Q2. The authors mentioned that fascinating observation on the interactions of oxidative stress and exosomes are being reported without mentioning the observation.

R2. Corrected in the revised version.  

 

Q3. The authors mentioned that extensively studies about oxidative stress and A beta without providing and or describing these findings but only gave one reference. How is this extensive?

R3. We have added now 6 references (6,50, 51,52,53,54) to support this point in the revised version in subsection 2.2. We thank the reviewer for a careful scrutiny.

 

Q4. How is the binding of metals and A beta facilitate redox-cycling activities?
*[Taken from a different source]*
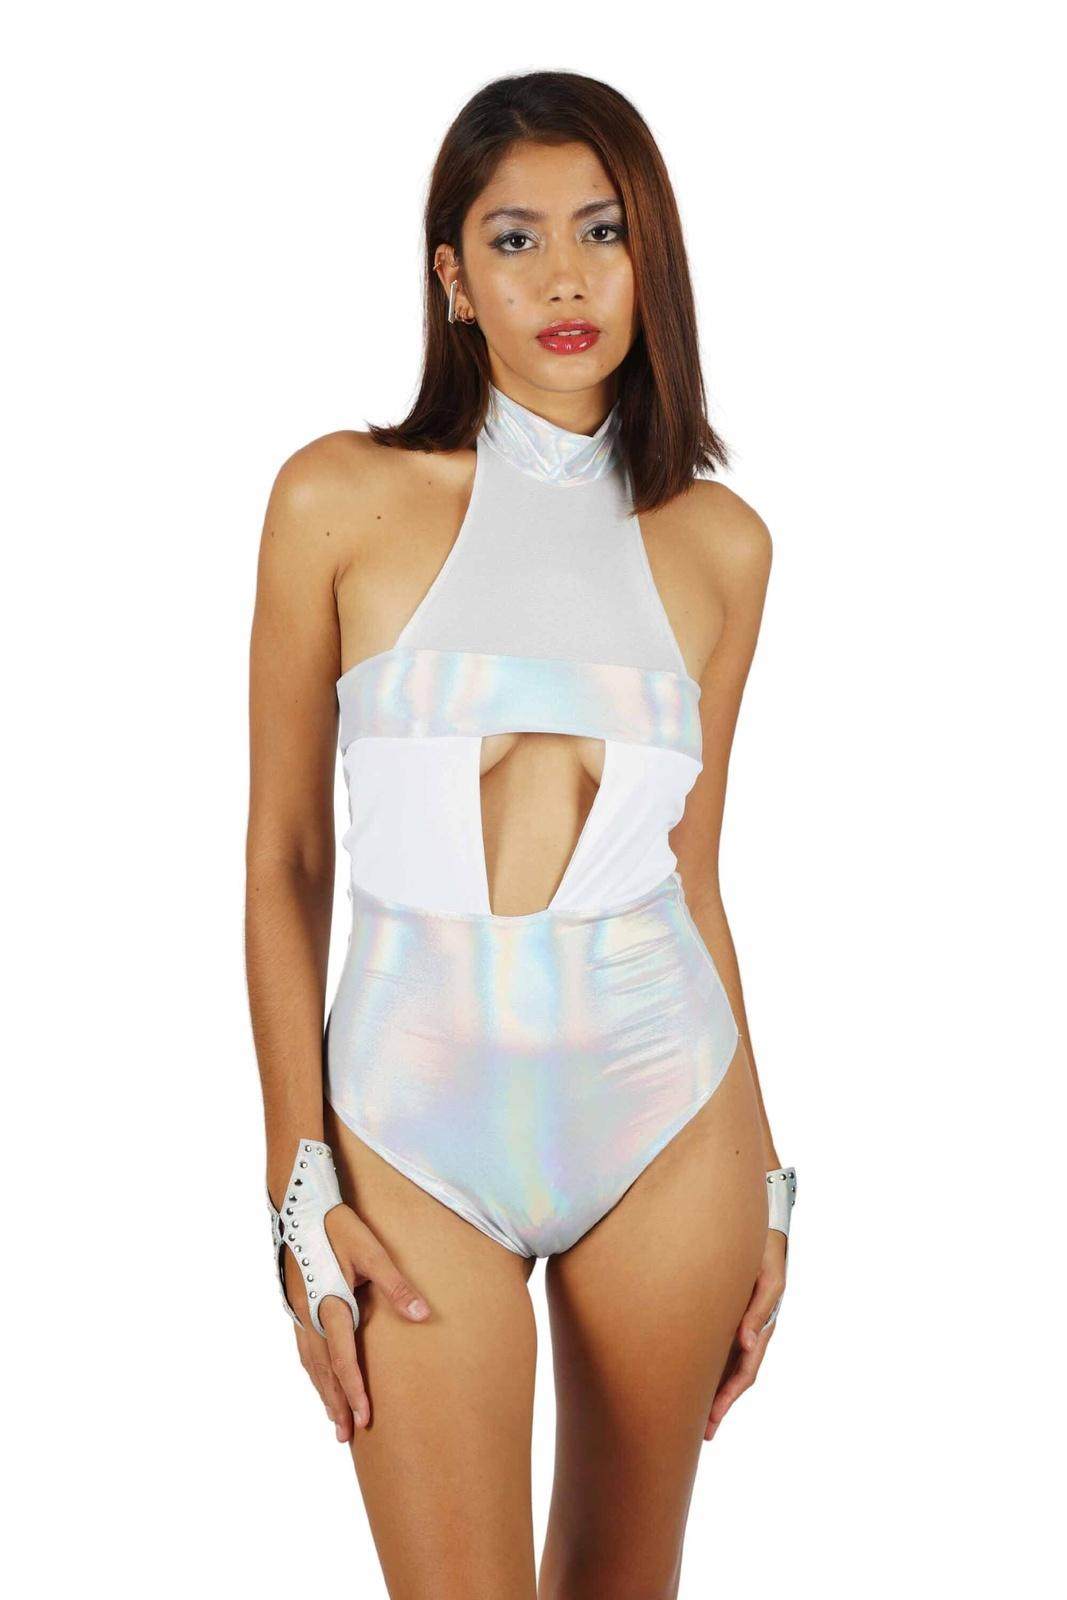  Holographic Silver High Neck Bodysuit with underboob cutout from Love Khaos.

R4. We have explained this point in the revised version with references (subsection 2.5).

 

Q5. The authors mentioned that the hypothesis is supported by scattered experimental evidence showing an antioxidant and protective role of A beta. What is the source no reference provided?

R5. We thank the reviewer for pointing out an error. We have added an important reference (58) in this context. Moreover, the references 59 and 60 also highlight this point (subsection 2.2). The reference 60 is a review that cites multiple experimental studies indicating the antioxidative role of Aβ.

 

Q6. Figure 2 legend additional description of the events leading to AD pathology.

R6. The additional description has been provided in Fig.2 legend.

Round 2

Reviewer 1 Report

The authors put an effort in revising their manuscript and addressing issues raised previously. The paper was improved.

 

Nothing particular.

Reviewer 4 Report

The authors have addressed all my major concerns on their manuscript.

The authors have addressed all my major concerns on their manuscript.